Let’s review. We attacked Afghanistan. So far so good. But then, instead of focusing on Bin Laden and al quaeda, we attacked Iraq. We attacked a country that had nothing to do with 9/11. We attacked a country that had less to do with terrorism than Syria, Iraq or Saudi Arabia. We spent hundreds of billions of dollars (trillions, probably, before it’s all over), thousands of American lives, tens of thousands of innocent Iraqi lives, maimed 10,000 Americans, lost much of our standing in the world and depleted a large part of the reservoir of the American people’s will to fight. And for what? It’s not a rhetorical question. Please tell me, for what?
All we seems to have come of attacking Iraq is a chance for terrorists to kill Americans.
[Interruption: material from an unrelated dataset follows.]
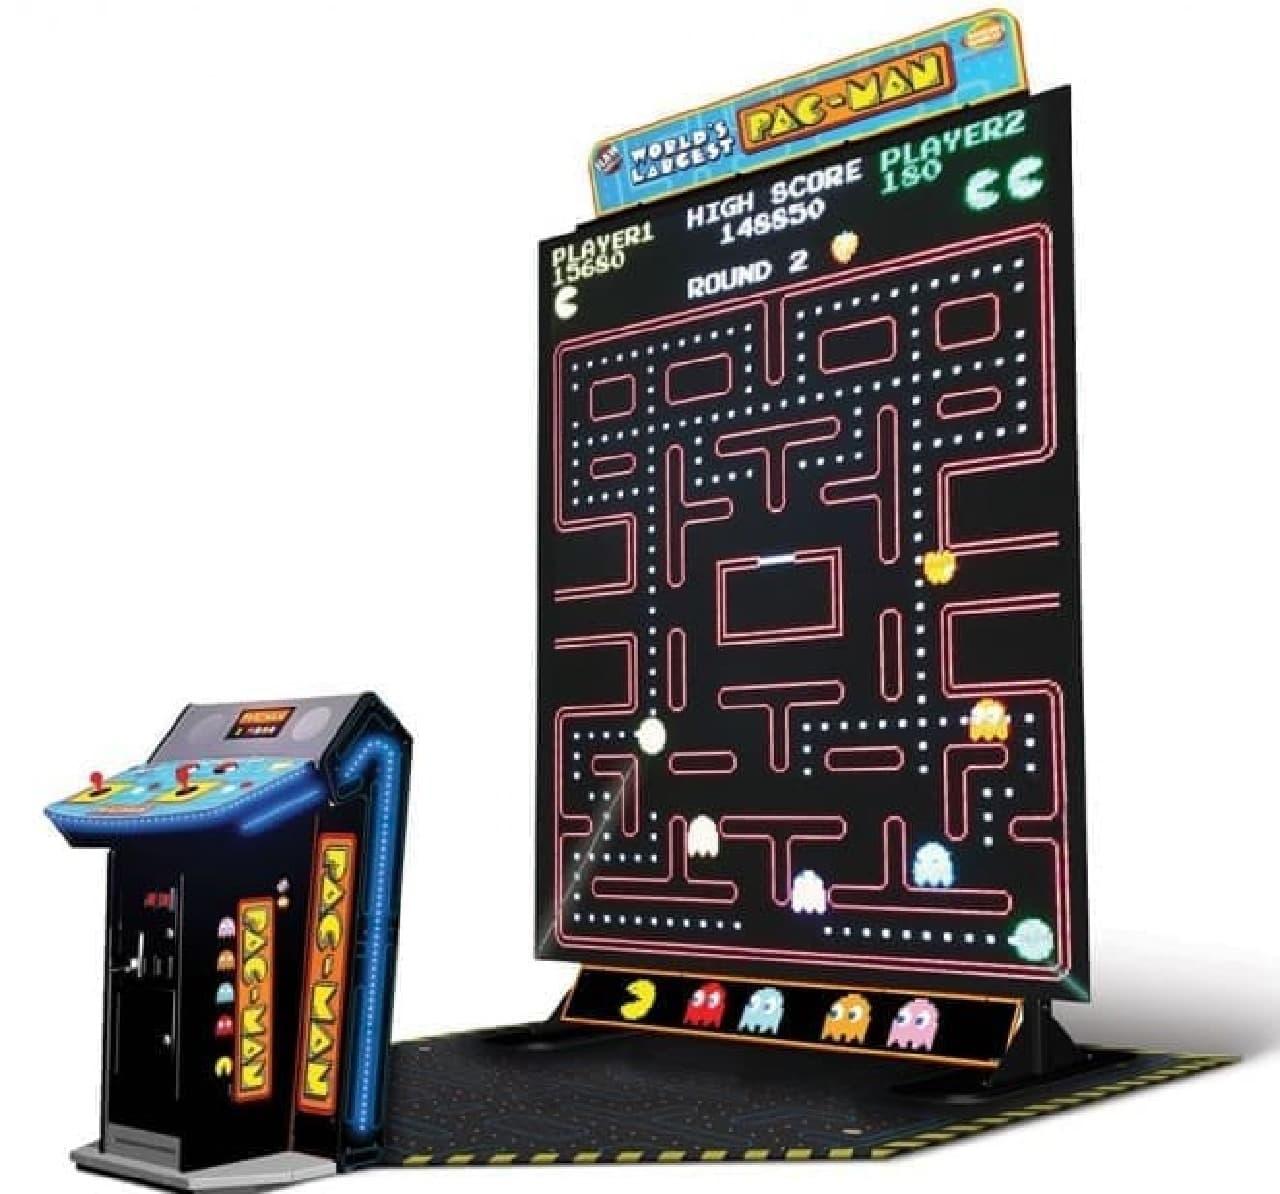 108インチサイズのパックマン「Worlds Largest Pac-Man」

They’ve killed thousands of Americans in Iraq in the past few years. They don’t seem to have thought twice about it at all. They’ve come from all around the world to fight “the great infidel” in Iraq. They’re killing more Americans every day. Why go to America to kill Americans when they’re sitting ducks right in your own part of the world?
If we’d been willing to spend all those lives, all that money, all that will to fight, and all that international political capital on fighting the terrorists we should be after, I’d bet we’d have found the rat cave Bin Laden is hiding in by now. But we’re not focused on him. We’re focused on Iraq. Dick Cheney keeps talking about Iraq’s “long-established ties to al quaeda.” But he has absolutely no evidence to back up this claim, and him saying it doesn’t make it true. On September 12, 2001, Bush insisted that a tie be found between Iraq and the previous day’s attacks. Do you think he did this because he somehow knew of a connection, or because he and his PNAC/neocon cronies had been dying to attack Iraq for more than a decade? (Well, they weren’t willing to die for it, but they were willing to send others to their deaths for it.)
“we should have taken Iraq’s oil to pay for the war.” We have been and we are using Iraq’s oil to pay for the war. And the “weaklings” (please explain how bleeding hearts are weaklings, but those who would blindly and weakly follow an obviously ignorant and foolish man towards the destruction of this great country are not) generally had nothing bad to say about it. The total economic impact of the war could be up to 40 times what the administration originally estimated it would cost. Not 40% more, 40 times, or 4,000% more. So the problem isn’t weaklings not wanting to use oil, the problem is that there is not enough oil to pay for the real cost of the war because an arrogant, ignorant, short-sighted administration thought things would go better than they did, despite evidence to the contrary, and didn’t see the probable outcome of the war despite the foresight of wiser men. The outcome was not unforeseeable.
George Bush Sr. on invading Iraq from “A World Transformed,” published well before his son became president:
“We would have been forced to occupy Baghdad and, in effect rule Iraq. The coalition would have instantly collapsed. … Going in and thus unilaterally exceeding the United Nations mandate would have destroyed the precedent of international response to aggression we hoped to establish.
“Had we gone the invasion route, the United States could conceivably still be an occupying power in a bitterly hostile land. It would have been a dramatically different — and perhaps barren — outcome.”
“Incalculable human and political costs” would have been the result.”
Incalculable is right on the money. Ahh, the good old days when a Bush with some sense ruled the land.